Molecular Genetics Laboratory, Humanitas Clinical and Research Center, Milan, Italy.
Cancer. 2013 Jan 15;119(2):266-76. doi: 10.1002/cncr.27722. Epub 2012 Jul 11.
Colorectal cancer (CRC) prognosis and survival are strictly related to the development of distant metastases. New targeted therapies have increased patient survival, but the objective response rate is still very limited, partially because of a traditional focus on designing treatment according to the molecular profile of the primary tumor regardless the diversity between the primary tumor and metastases. The objective of this study was to evaluate the presence of molecular heterogeneity during metastatic progression and its potential impact on clinical treatment.

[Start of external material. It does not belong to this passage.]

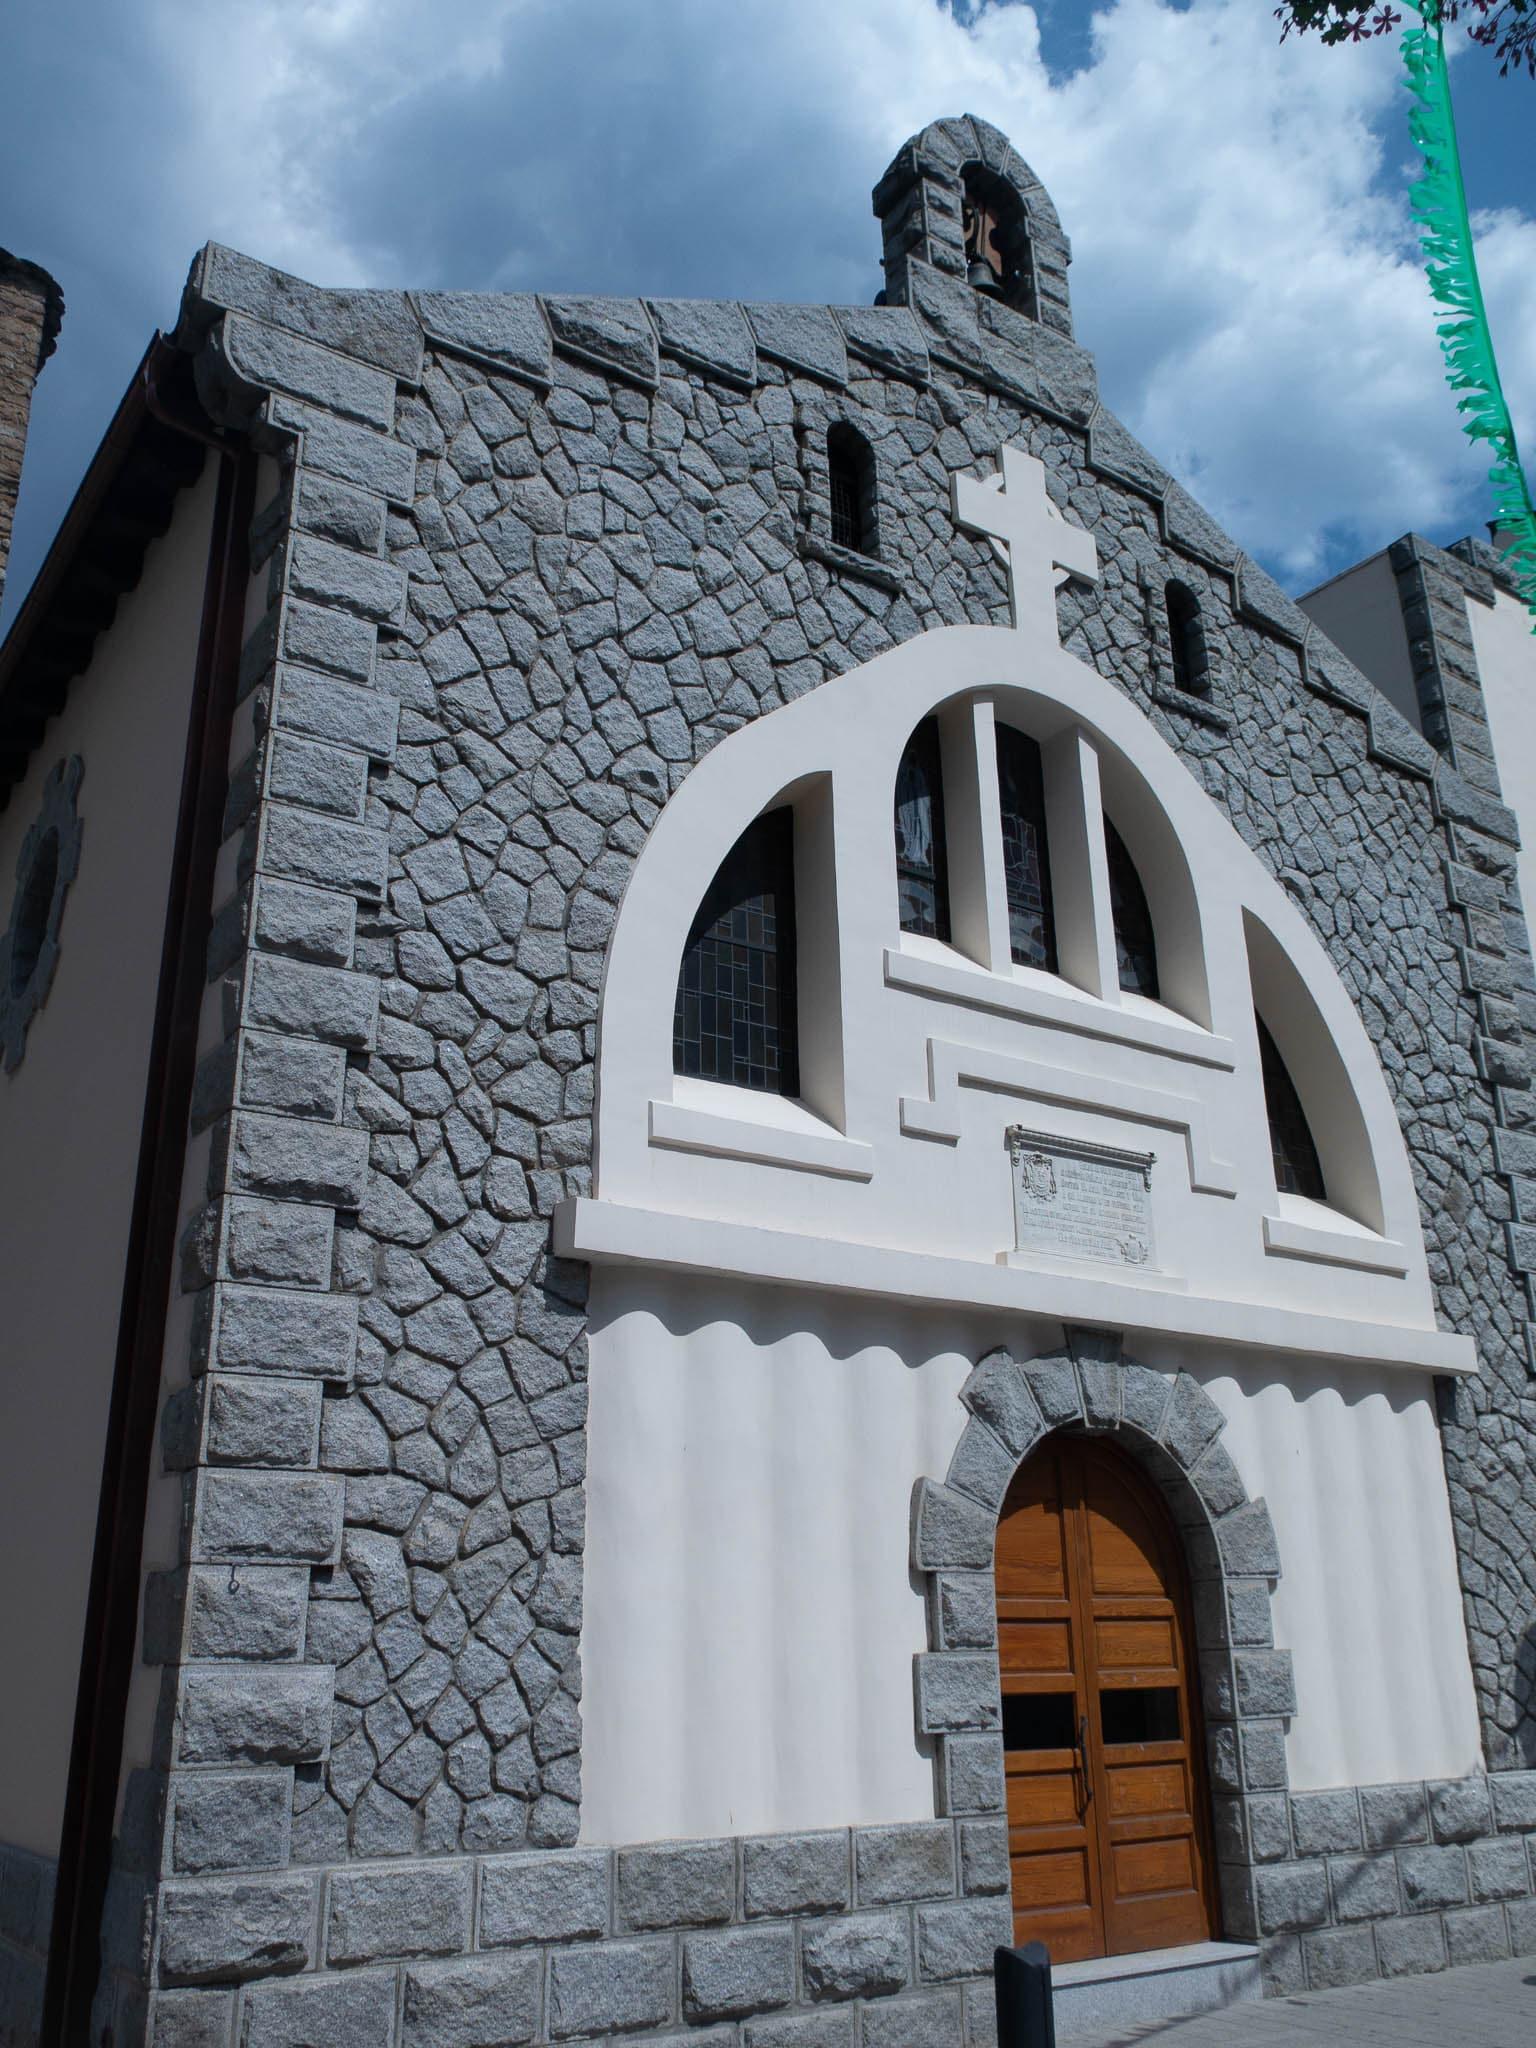 Kirche in Andorra, Sant Julia de Loria, außenansicht

The authors analyzed v-Ki-ras2 Kirsten rat sarcoma viral oncogene homolog (KRAS) codon 12 mutations, the v-Raf murine sarcoma viral oncogene homolog B1 (BRAF) thymine to adenine substitution at codon 1788, and tumor protein 53 (p53) mutations and investigated promoter methylation of Ras association (RalGDS/AF-6) domain family member 1 protein (RASSF1a), E-cadherin, and cyclin-dependent kinase inhibitor 2A (p16INK4a) in 101 primary CRCs (67 stage III and 34 stage IV) and related lymph node and liver metastases.
Lymph node metastases were characterized by fewer alterations compared with primary tumors and liver metastases, especially KRAS (P = .03) and p16INK4a (P = .05). Genetic changes, when detectable in metastases, mostly were retained from the primary tumor, whereas epigenetic changes more frequently were acquired de novo. Overall, 31 distinct CRC molecular profiles were detected, none of which characterized a particular tumor stage. When the metastatic lesions also were included in the profiles, there were 53 distinct molecular profiles in 67 patients with stage III disease and 34 distinct molecular profiles in 34 patients with stage IV disease.
Lymph node and liver metastases appear to originate in clonally different processes, with more molecular alterations occurring in distant metastases than in lymph node metastases and with elevated heterogeneity of the primary tumor. Thus, potential prognostic targets should be carefully evaluated for their heterogeneity in both primary tumors and distant metastases to avoid erroneous misclassification.
结直肠癌(CRC)的预后和生存与远处转移的发展密切相关。新的靶向治疗方法提高了患者的生存率,但客观缓解率仍然非常有限,部分原因是传统上侧重于根据原发性肿瘤的分子谱设计治疗方案,而忽略了原发性肿瘤和转移瘤之间的多样性。本研究的目的是评估转移进展过程中分子异质性的存在及其对临床治疗的潜在影响。
作者分析了 v-Ki-ras2 Kirsten 大鼠肉瘤病毒癌基因同源物(KRAS)密码子 12 突变、v-Raf 鼠肉瘤病毒癌基因同源物 B1(BRAF)胸腺嘧啶到腺嘌呤取代密码子 1788 以及肿瘤蛋白 53(p53)突变,并研究了 Ras 相关(RalGDS/AF-6)域家族成员 1 蛋白(RASSF1a)、E-钙黏蛋白和细胞周期蛋白依赖性激酶抑制剂 2A(p16INK4a)在 101 例原发性 CRC(67 例 III 期和 34 例 IV 期)及其相关淋巴结和肝转移灶中的启动子甲基化。
与原发性肿瘤和肝转移灶相比,淋巴结转移灶的改变较少,尤其是 KRAS(P =.03)和 p16INK4a(P =.05)。在转移灶中可检测到的遗传变化主要来自原发性肿瘤,而表观遗传变化更常是新获得的。总体而言,检测到 31 种不同的 CRC 分子谱,没有一种谱特征与特定的肿瘤分期有关。当将转移性病变也纳入这些谱中时,在 67 例 III 期疾病患者中发现了 53 种不同的分子谱,在 34 例 IV 期疾病患者中发现了 34 种不同的分子谱。
淋巴结和肝转移似乎起源于克隆不同的过程,与淋巴结转移相比,远处转移的分子变化更多,且原发性肿瘤的异质性增加。因此,为了避免错误的分类,应仔细评估潜在的预后靶点在原发性肿瘤和远处转移中的异质性。